Team managing the impact VC fund for Paris-based MAIF Avenir have joined Capital Croissance, a French private equity investment platform and entrepreneurs club, and renamed to Ternel.
The team managing a €150m impact VC fund for Paris-based MAIF Avenir, the venture capital arm of French insurer MAIF, have joined Capital Croissance, a French private equity investment platform and entrepreneurs club and renamed to Ternel. The news of the team’s transfer and rebrand came as the company announced the launch of a second €120m fund.
The new fund, named Ternel II, will invest in 30 European start-ups, mainly at the seed to series A stage, with an investment thesis centered on the regenerative economy.
Mohamed Abdesslam, managing partner at Ternel, told Impact Investor his team would start fundraising towards the end of the year and hoped to attract both institutional investors, such as banks, insurers and family offices, as well as private investors from among the 450 plus entrepreneurs that belong to Capital Croissance’s entrepreneurs club.
Abdesslam said that MAIF, as the sole investor in the existing fund, which has been renamed to Ternel I, had already committed to invest 25% of the value of the new fund, between €25 and €30m.
He explained that in the interim, with a residual investment capacity in Ternel I of €20m for new investments and €20m for reinvestment into existing holdings, his team would focus on completing investments in the first fund. This, he said, would include adding seven new portfolio companies on top of the existing 28 in the fund, targeting the themes of climate tech, future of work, digital health, responsible consumption and ethical data.
The addition of the Ternel team and the Ternel I fund increases Capital Croissance’s assets under management to €950m.
Bringing private equity and venture capital closer together
Abdesslam said the purpose of Capital Croissance was “to raise money from entrepreneurs for entrepreneurs” but that both impact and venture capital (VC) had been missing from the platform’s business activities.
“When we started talking with them two years ago, they didn’t have impact or a VC on board, so our proposition was very complementary,” he said.
“At the same time, joining Capital Croissance brought us three benefits; access to a large investor pool of limited partners, access to back office functions, a middle office and resources such as branding as well as expert advice for our portfolio companies, and last but not least, improved liquidity.”
Abdesslam said he believed that the search for liquidity more broadly would see the areas of private equity and VC converge in the future.
“Our conviction is that the search for greater liquidity will see VCs seek to work more closely with private equity funds in the future.”
Last year, Capital Croissance announced the launch of the Gaia Energy Impact Fund II in partnership with Gaia Impact, a French impact investment advisory firm, and other partners, targeting investments in the decentralised and renewable energy value chain.
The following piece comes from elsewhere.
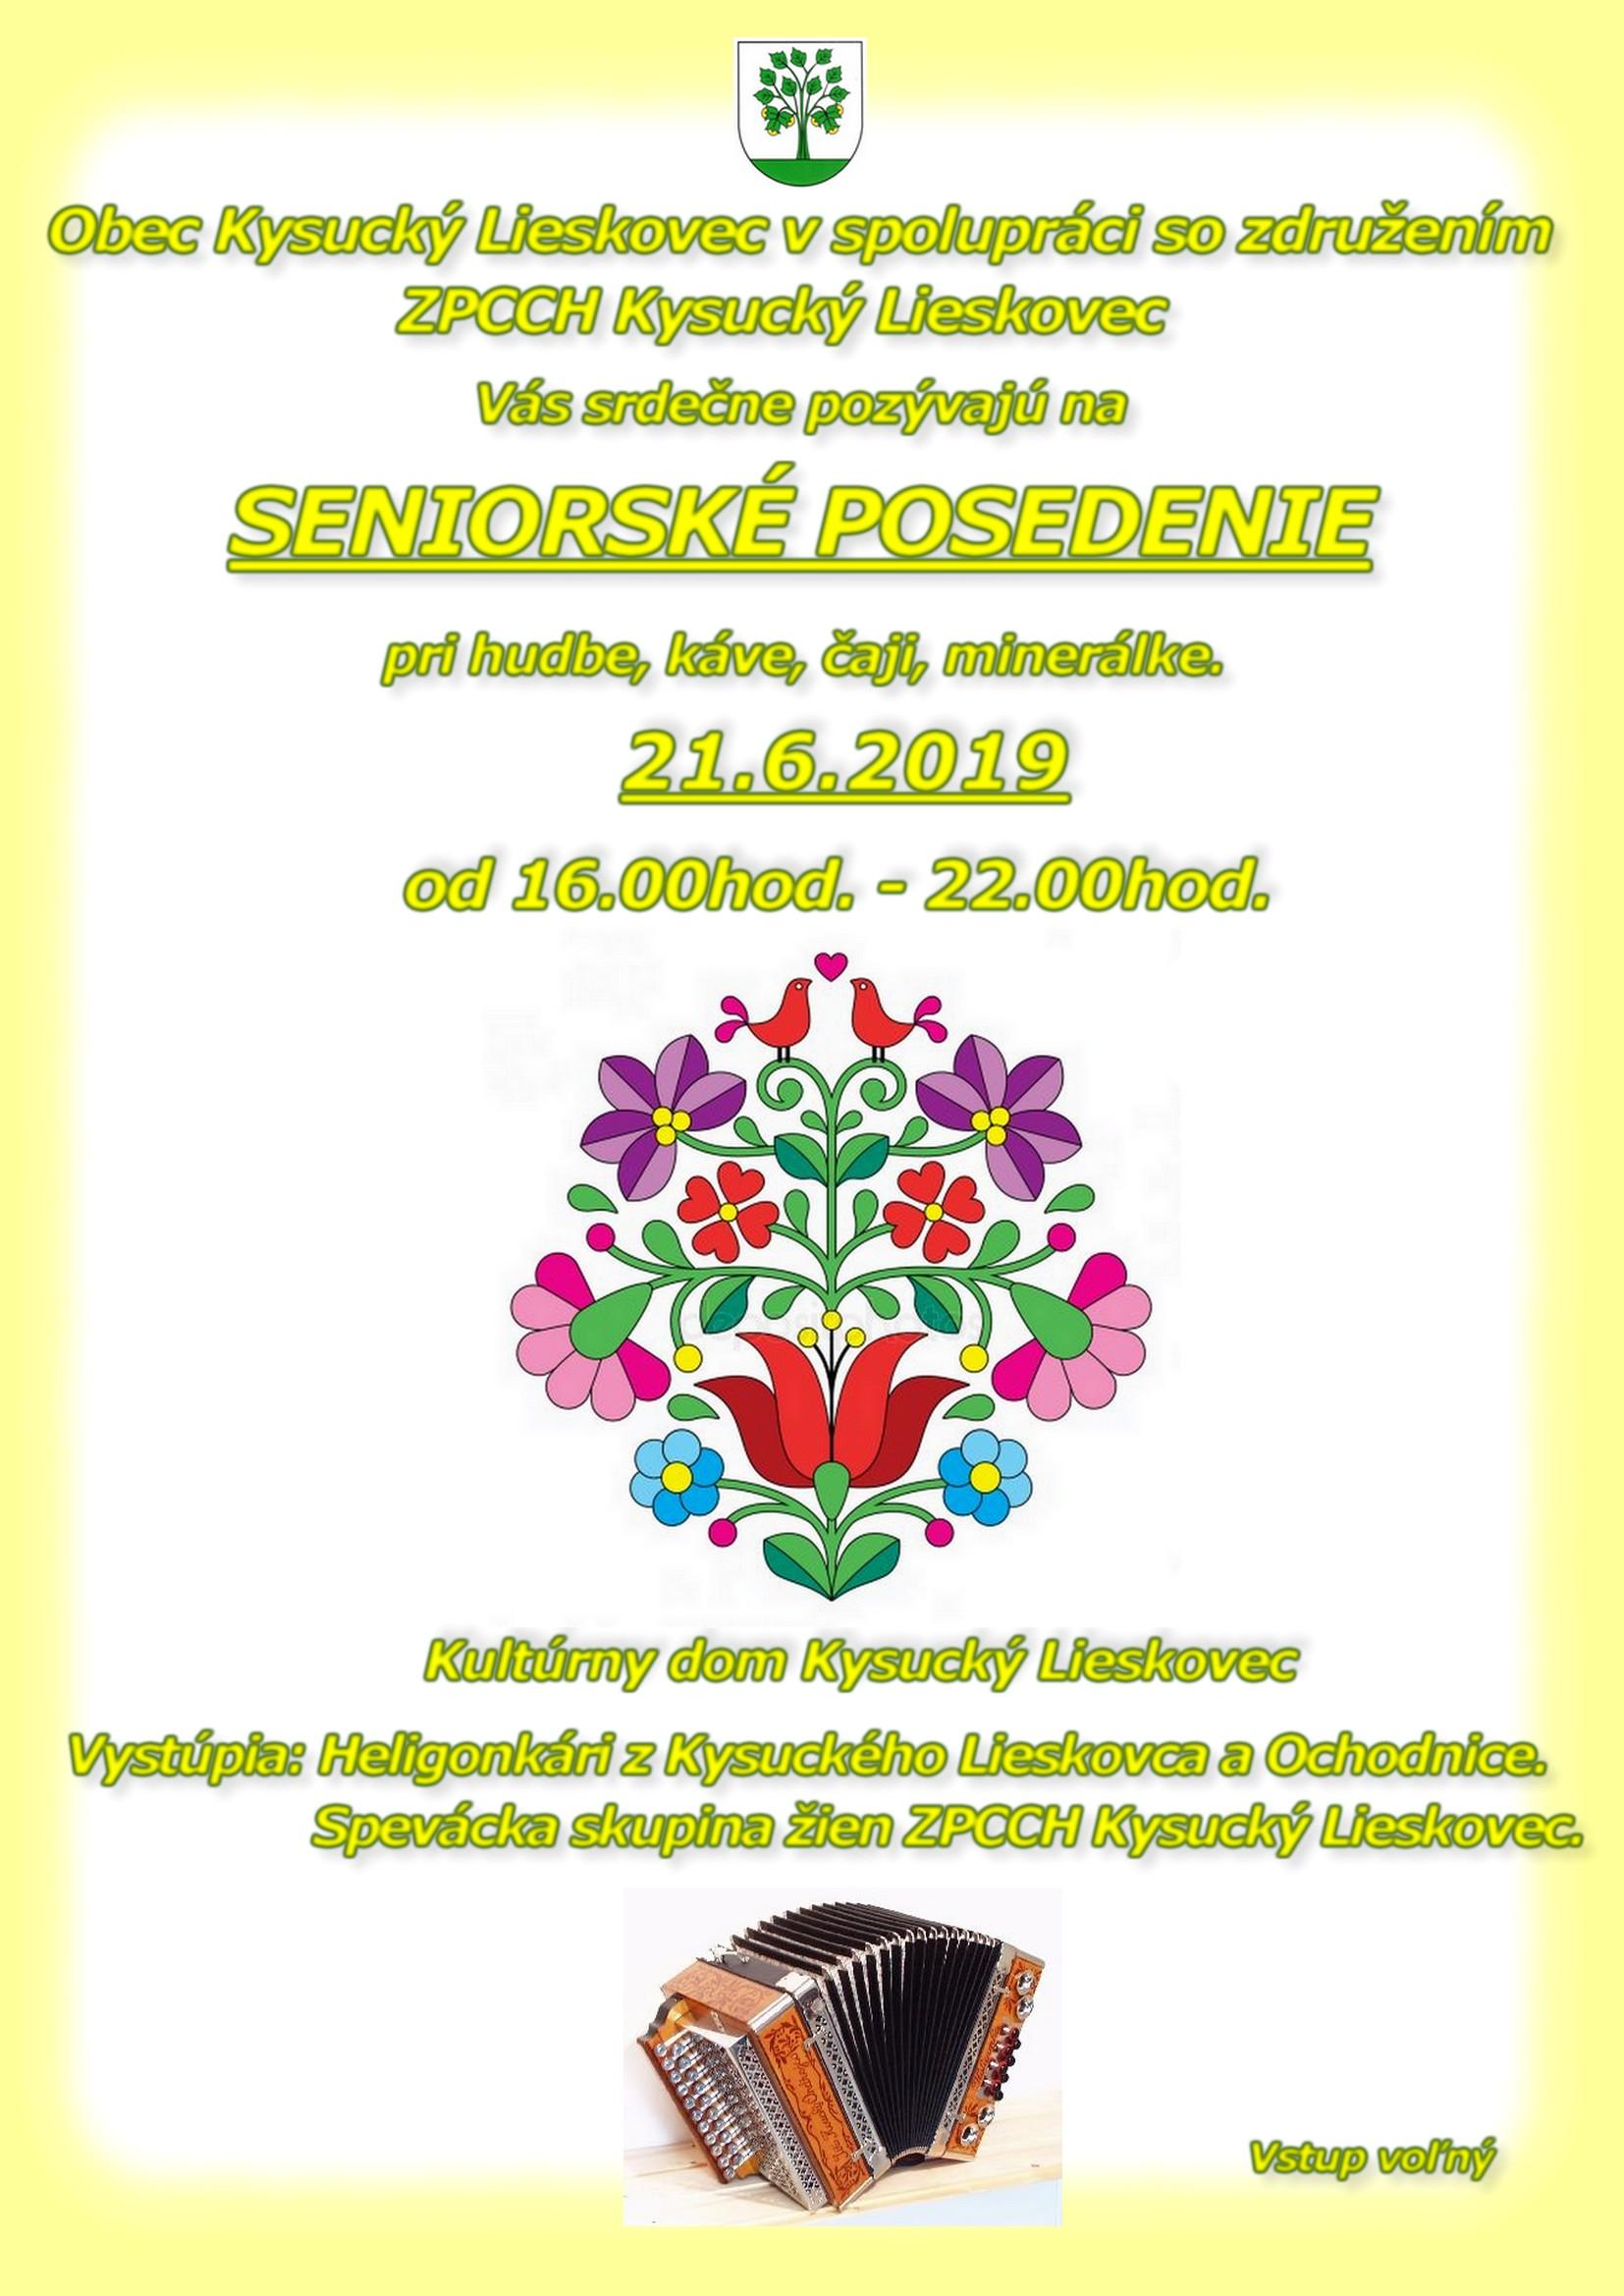 Kysucky Lieskovec falu, a ZPCCH Kysucky Lieskovec szövetséggel együttműködve meghívja Önt a SENIOR ASSEMBLY-re.

Ternal and Gaia Impact now constitute the private equity platform’s impact VC business arm, in addition to its buy-out and growth capital business arm and a fund of funds and co-investment business arm which it manages with other partners.
Regenerative risk-capital
Ternel II, whose investment thesis is based on the principles of the regenerative economy, will target companies and technologies responding to the challenges of climate change, biodiversity, circularity and waste, health, land and natural resource management, the provision and promotion of decent work, and governance and distribution of value, with ticket sizes ranging from €500,000 to €5m.
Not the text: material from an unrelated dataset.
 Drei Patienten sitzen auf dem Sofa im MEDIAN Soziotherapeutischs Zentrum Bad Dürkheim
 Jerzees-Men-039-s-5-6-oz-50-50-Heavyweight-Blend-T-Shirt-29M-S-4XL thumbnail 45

Abdesslam said: “With Ternel, we are initiating a new phase in our approach to impact venture capital, adopting a viewpoint inspired by regenerative businesses. Our goal is to support organisations determined to restore balance in our world, without needing to compromise between financial performance and environmental impact, between economic growth and social cohesion.”
Ternel said it had developed what it called a ‘regenerative framework’ to measure impact and economic performance and had a ‘regenerative advisory board’ in place that would oversee the fund’s regenerative mission and provide support to its investee companies.
Highlighting what he called the “real shortcomings” of VC investment in terms of the environment, including backing energy intensive technology; social issues, such as the lack of inclusiveness and diversity, and “human issues related to the lack of digital accessibility, data ethics and algorithmic bias”, Abdesslam said: “The response offered by some [VCs] is still very siloed – limited to a CO2 focus or a thematic focus – or far from a modern discourse on performance.”
“We have been working in the European impact ecosystem for over 10 years, and wanted to create a VC that could maximise the positive contribution of the start-ups it supports and give each of them the means to regenerate the ecosystems around them, strike a balance between all stakeholders, and support models where positive impact and performance feed off each other.”